Virgin's USS Unity spaceplane completes a critical suborbital test flight

Virgin Galactic announced yesterday that they have successfully completed a suborbital test flight of the company's VSS Unity spaceplane.
Christopher McFadden
VSS Unity completes suborbital test.
VSS Unity completes suborbital test.

Virgin Galactic/Twitter 

According to a press release from Virgin Galactic (not to be confused with the recently wound-up Virgin Orbit), its rocket-powered spaceplane has completed its final glide flight. This is a critical step to enable the company to resume its space tourism services shortly.

The suborbital test (around 62 miles to 100 kilometers above sea level) using the company's VSS Unity spaceplane. VSS Unity completed its final glide test on the morning of April 26 in New Mexico, according to a press release from Virgin Galactic. At 8:35 am Eastern Time (ET), VMS Eve was lifted off from Spaceport America with VSS Unity firmly attached between its twin fuselages. At 9:47 am. ET. VMS Eve released VSS Unity after ascending to a height of 47,000 feet (14.3 kilometers), and the spacecraft returned to Spaceport America nine minutes later.

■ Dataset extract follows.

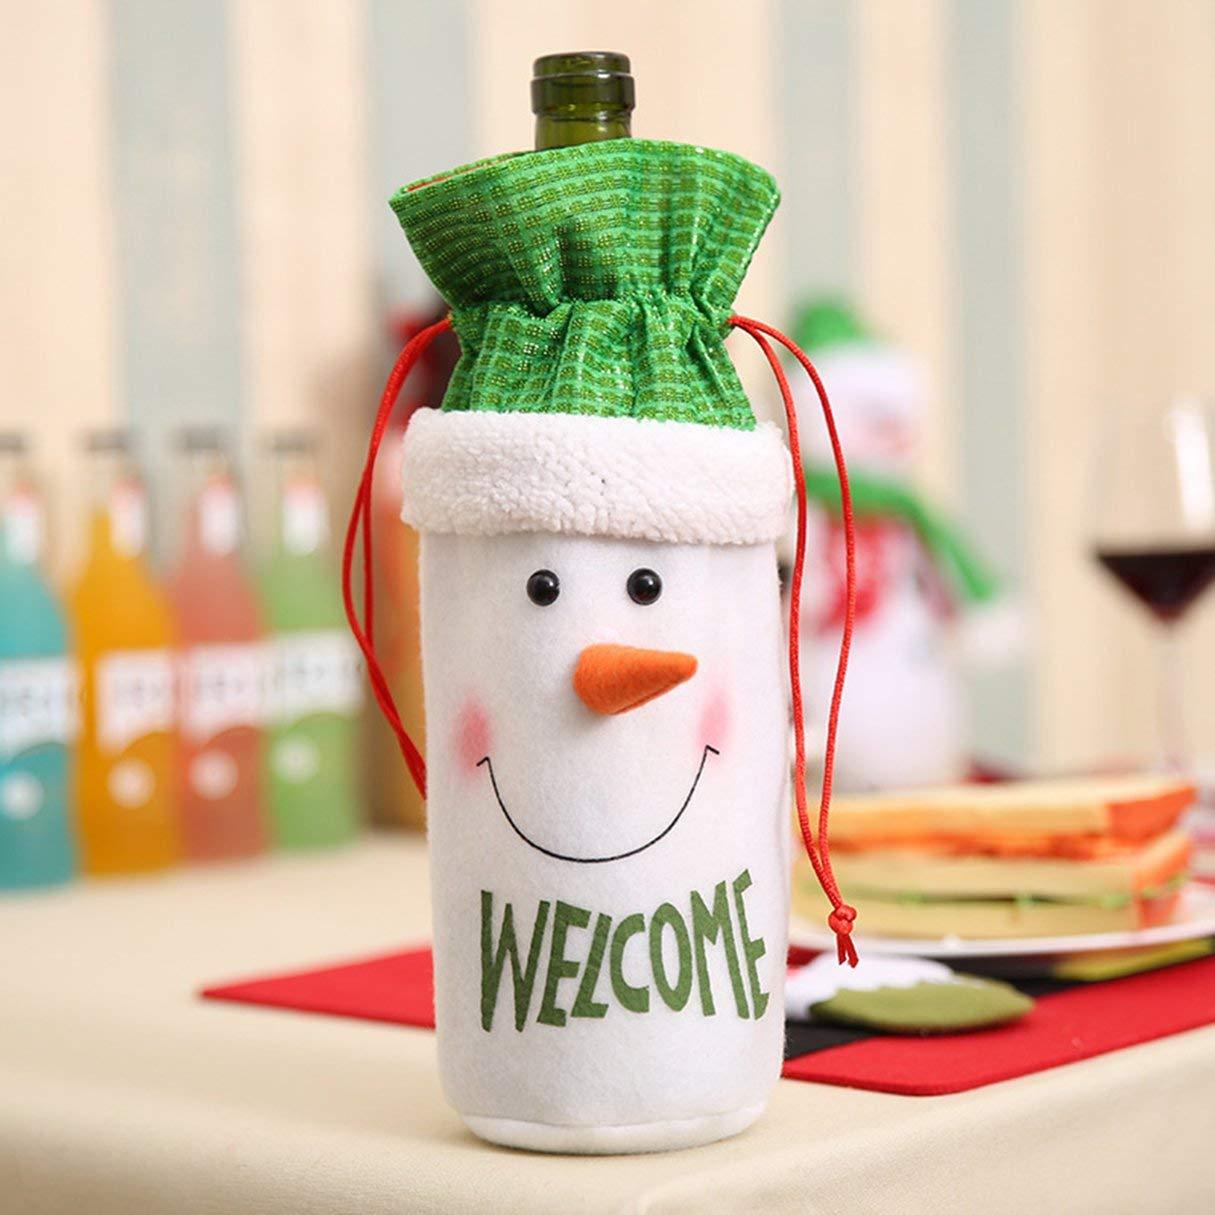 Sacchetto di Bottiglia di Vino di Natale, Regalo di Natale Buon Regalo Candy Sacchetto di Bottiglia di Vino Babbo Natale Alce Decor Sacchetti Regalo di Natale Champagne Wafalano
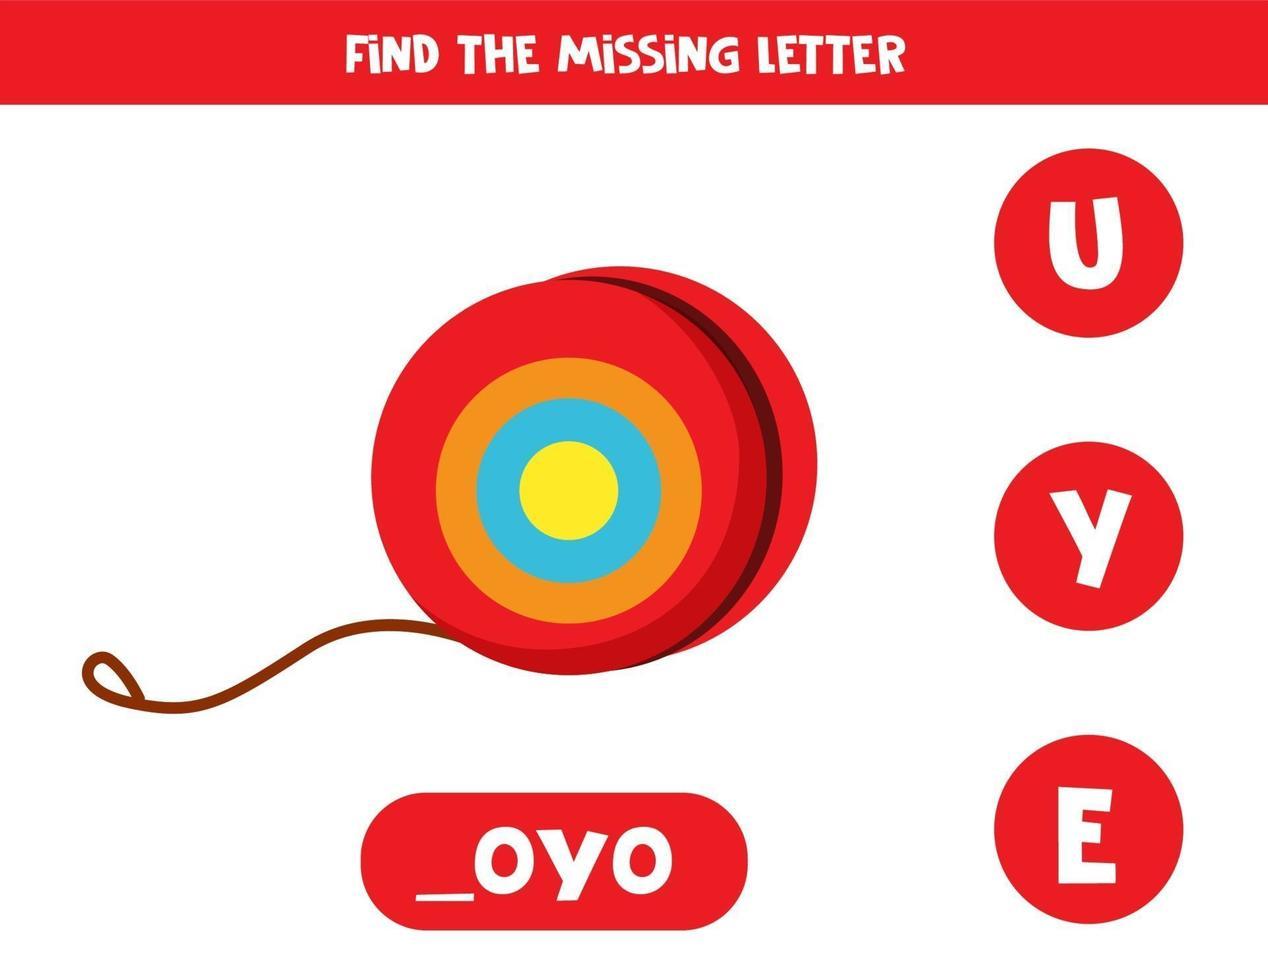 hitta saknade brev med söt tecknad yoyo. vektor

The next VSS Unity trip should be a rocket-powered test sometime before the end of the year's second quarter, notwithstanding Virgin Galactic's claim that the data from this test flight will be analyzed over the ensuing weeks. This afternoon, Virgin Galactic said on Twitter that it would utilize future spaceflight flights to “assess the customer experience and ground-based testing” before the company re-opens up spaceflight for commercial service."

“Releasing Unity for a glide flight today is one of the final steps towards commercial spaceline operations,” said Mike Moses, president of Spaceline Missions and Safety at Virgin Galactic, in the press release. “The data from this validation flight will clear the way for our return to space and, ultimately, lead to the launch of commercial service,” he added.

There was a pause in VMS Eve's suborbital flights for almost two years before a test was conducted. In February, Virgin Galactic resumed VMS Eve flights to inspect an upgrade to the four-point launch tower, which the mothership uses to lift spaceplanes to great heights.

VMS Eve's previous flight was in October 2021, from Spaceport America in New Mexico to Mojave, California. In addition, Virgin Galactic faced some issues with VSS Unity in February when stockholder Yousef Abughazaleh filed a lawsuit in Delaware, alleging that Branson and other company executives had misled investors about the reliability and security of the spaceplanes to increase Virgin Galactic's stock price.

Virgin Galactic received approval from the FAA to transport passengers to space more than two years ago. However, the company has been eagerly awaiting further spaceflight tests. In July 2021, a highly anticipated billionaire space race was held between Richard Branson, Elon Musk, and Jeff Bezos. Branson successfully achieved a ride to a height of 50 miles (80.4 km).